Hypothyroidism Talking Points 2006
Hypothyroidism Talking Points 2006
Published: October 2008
In 1603 Paracelsus described endemic cretinism. Over 150 years later, in 1878, Ord proposed the term myxedema to describe the clinical features of the “‘cretinoid’ affection occasionally observed in middleaged women”. In 1883, Emil Theodor Kocher reported myxedema after thyroidectomy. This led to a 1909 Nobel Prize in Medicine “for his work on the physiology, pathology and surgery of the thyroid gland.” Modern endocrinology’s birth followed in 1891 when Murray injected sheep thyroid extract into a patient with myxedema. Just one year later injection was replaced by “eating ground or fried sheep thyroid or tablets of dried thyroid tissue.”

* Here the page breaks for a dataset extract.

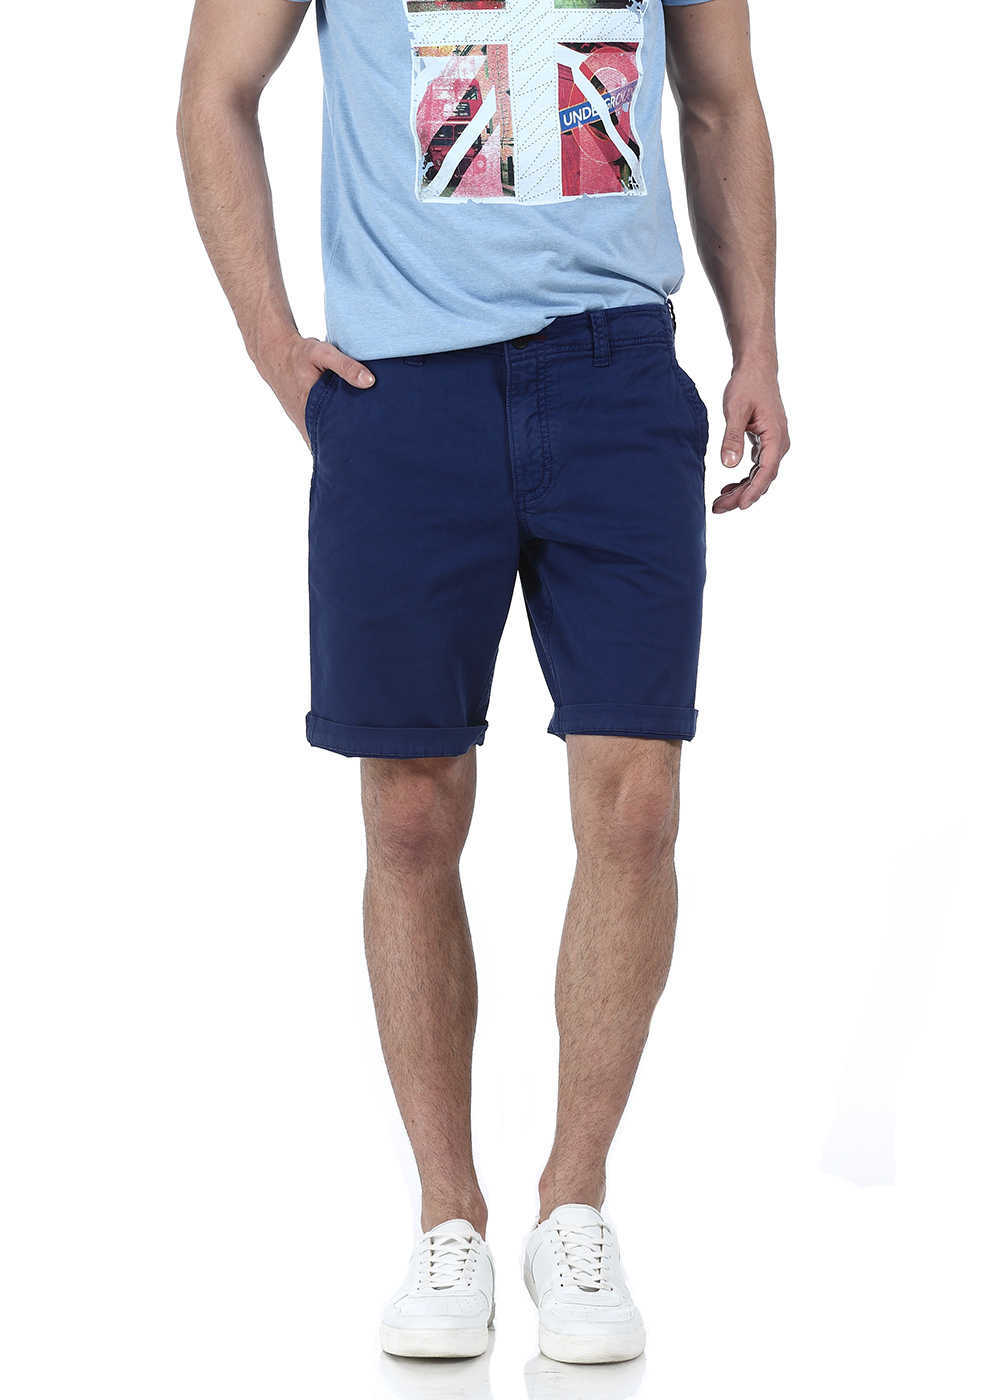 Basics   Basics Comfort Fit Blue Garment Dyed Knee Length Shorts

Much has happened since then. Kendall discovered thyroxine in 1914. Dietary iodine supplementation followed Marine and Kimball’s work on the role of iodine in the treatment of goiter in 1920. Harrington worked out the structure of thyroxine (T4) and synthesized it in 1926. A second and more potent thyroid hormone, triiodothyronine (T3), was discovered and synthesized by Gross and Pitt-Rivers in 1952. Utiger and Odell developed the first thyroid stimulating hormone (TSH) assays in the 1960s. In 1970, Braverman, Ingbar, and Sterling demonstrated that most T3 was produced by the extra thyroidal conversion of T3 from T4. By the mid 1970s, congenital hypothyroidism screening programs were implemented, virtually eliminating congenital hypothyroidism in developed parts of the world.
Since then, more sophisticated serum assays have enabled us to diagnosis mild or early hypothyroidism, termed ‘subclinical hypothyroidism’. Reliable thyroid hormone preparations have enabled clinicians to precisely and safely treat hypothyroidism, whatever its degree.Thus, after about a century of clinical milestones and triumphs in thyroidology, clinical practice has shifted considerably. Most patients now have subclinical or mild hypothyroidism rather than disease that is quite evident clinically.
The recent shift in clinical focus has led to a number of newer questions and issues which I will touch briefly on, and, perhaps to the chagrin of the reader, as well as the author, not offer many definitive answers. My comments will generally pertain to ambulatory patients without acute or major chronic illness, who are not being treated with medications known to alter thyroid hormone economy, and whose clinical circumstances allows them to have confirmatory laboratory determinations at least three or so weeks apart.